:: INFORMATION SHOWN

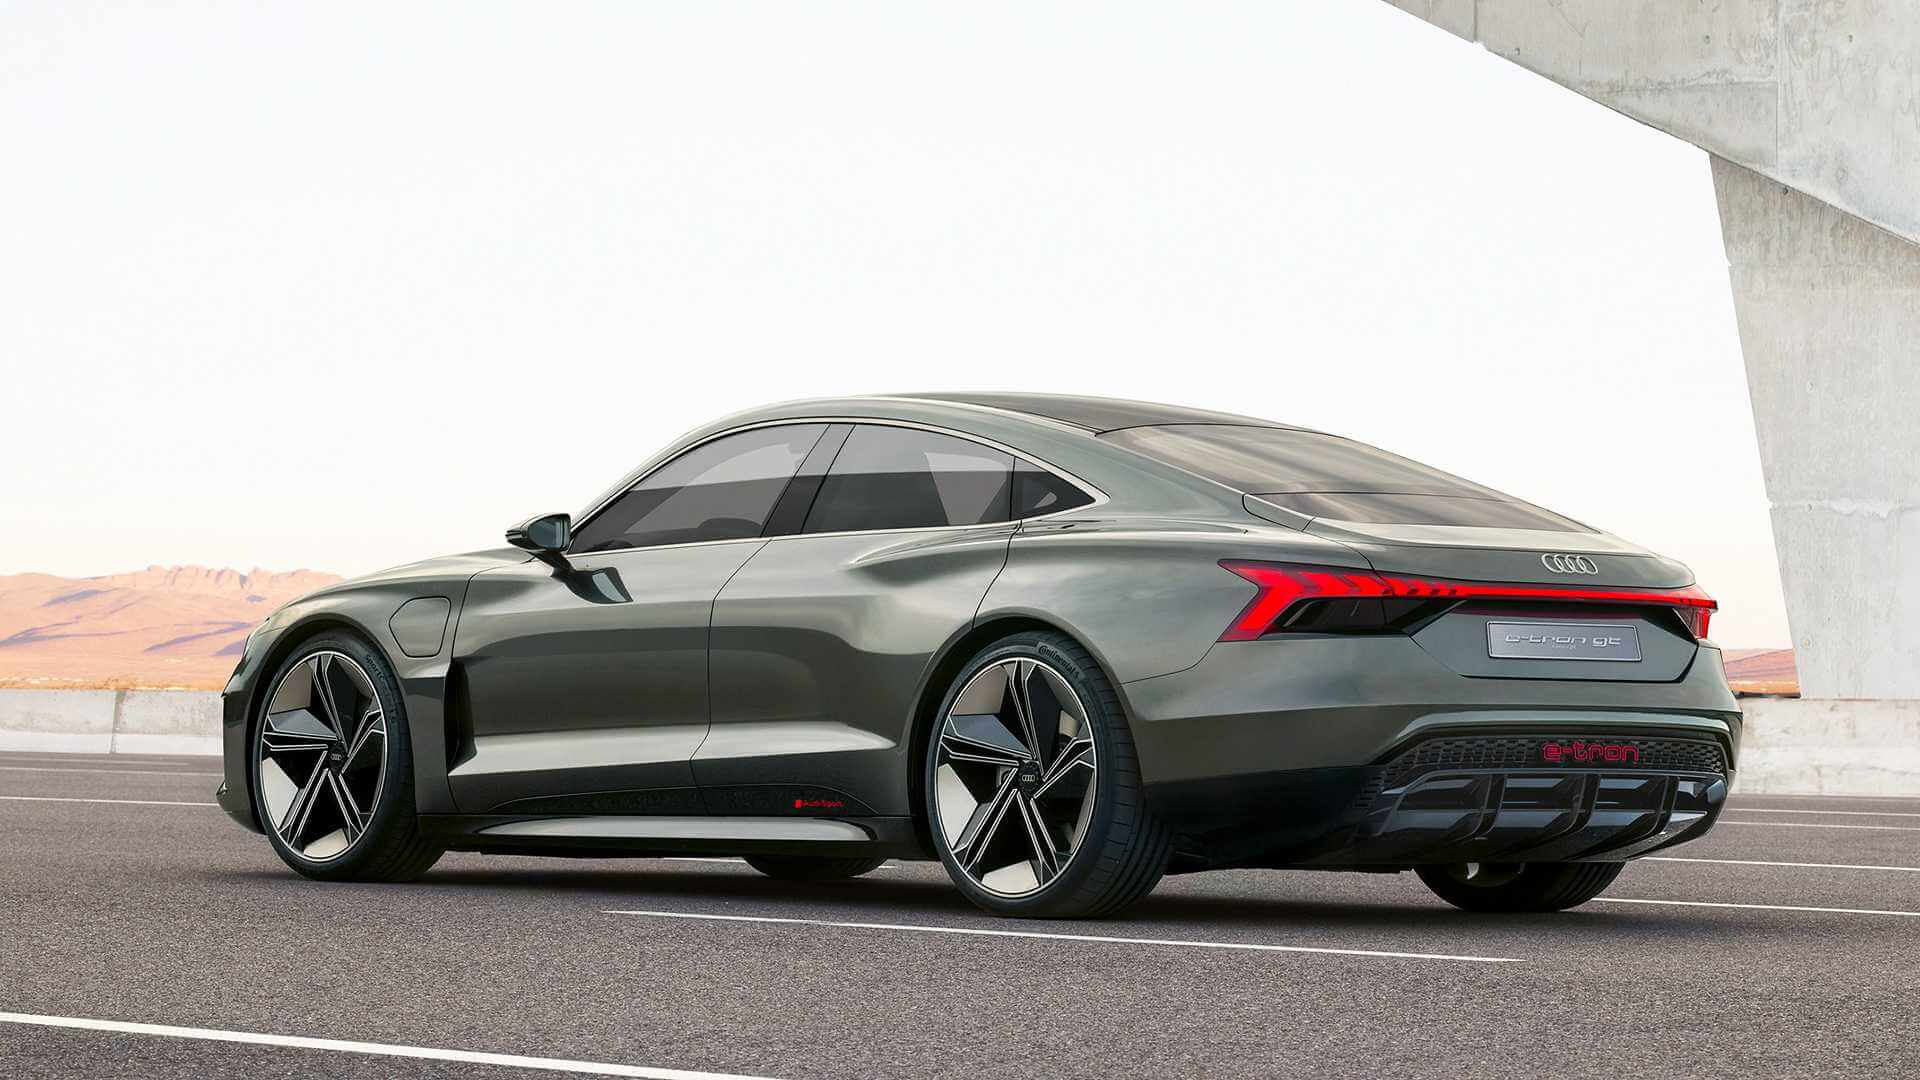  Audi E Tron Gt Concept
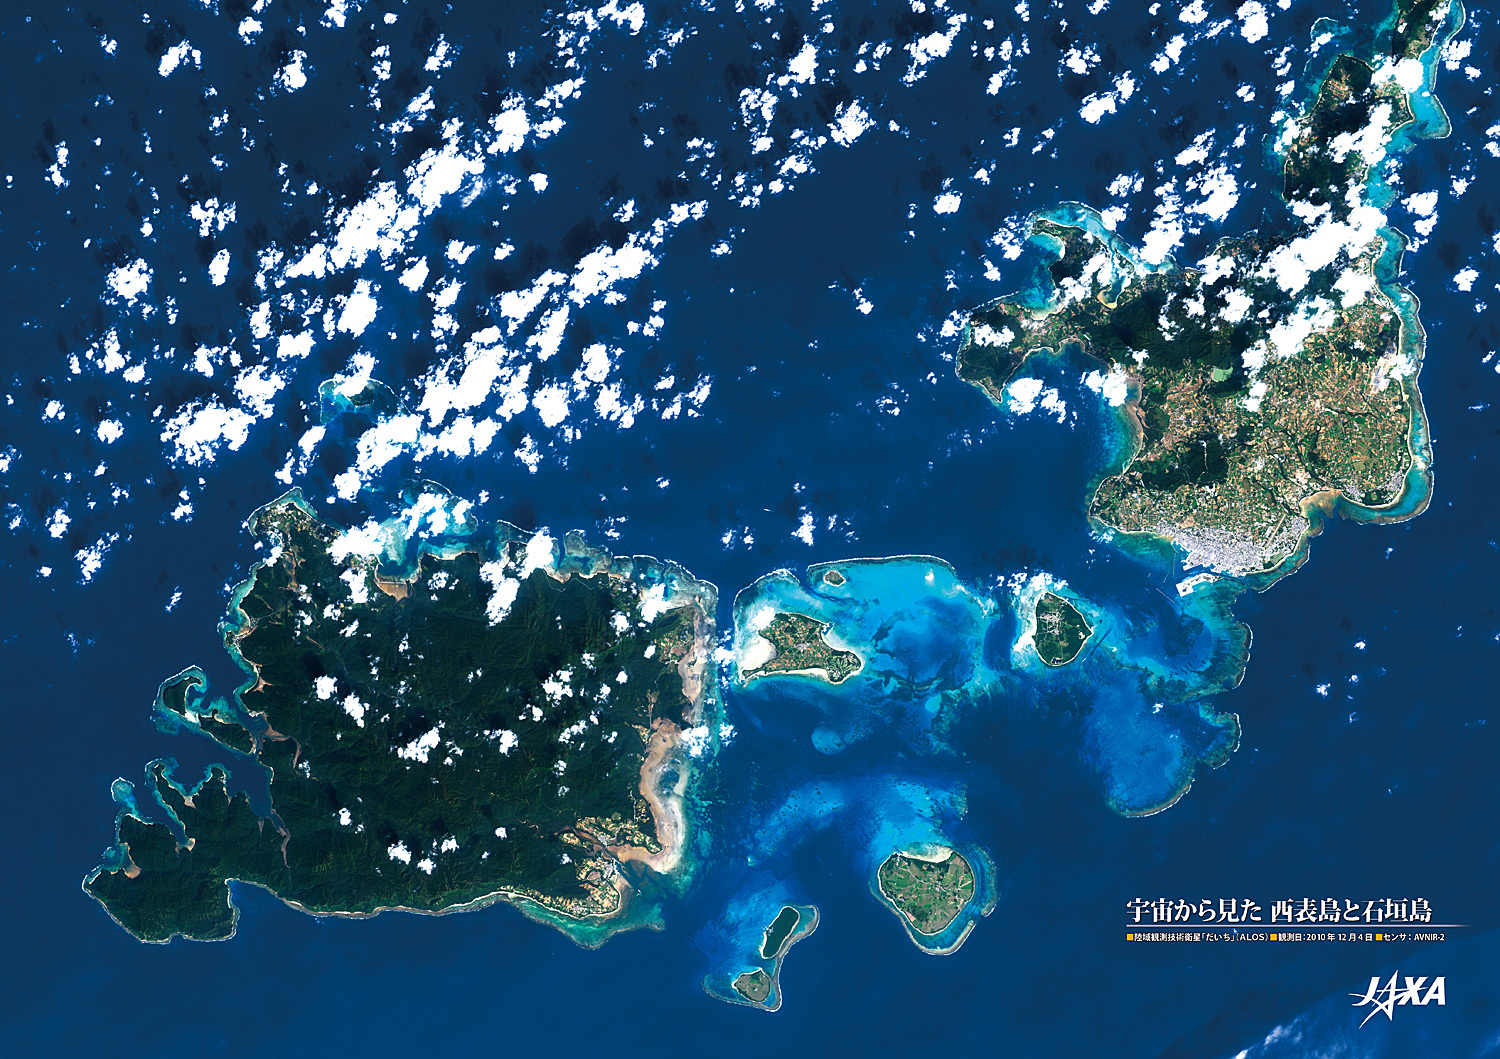 だいちから見た日本の都市 西表島と石垣島と島々 :衛星画像（ポスター仕上げ）
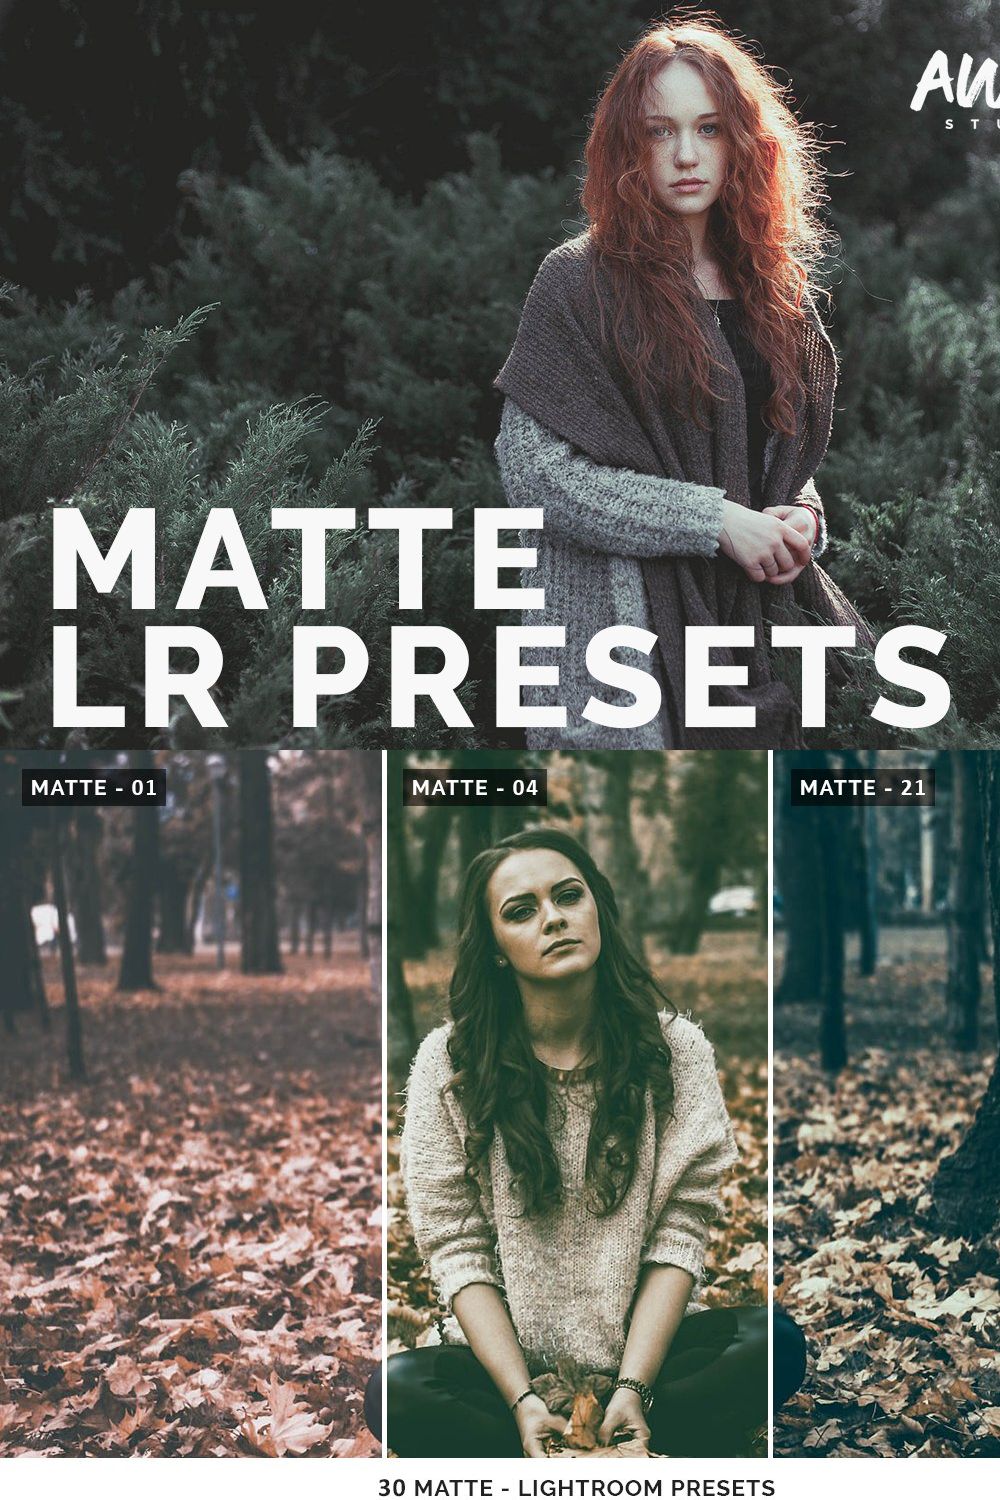 Matte - Lightroom Presets pinterest preview image.

::::

TASK ITEM:
Write out the material above exactly. Skip the pictures.

SOLUTION FOR THIS EXERCISE:
  Audi E Tron Gt Concept
 だいちから見た日本の都市 西表島と石垣島と島々 :衛星画像（ポスター仕上げ）
 Matte - Lightroom Presets pinterest preview image.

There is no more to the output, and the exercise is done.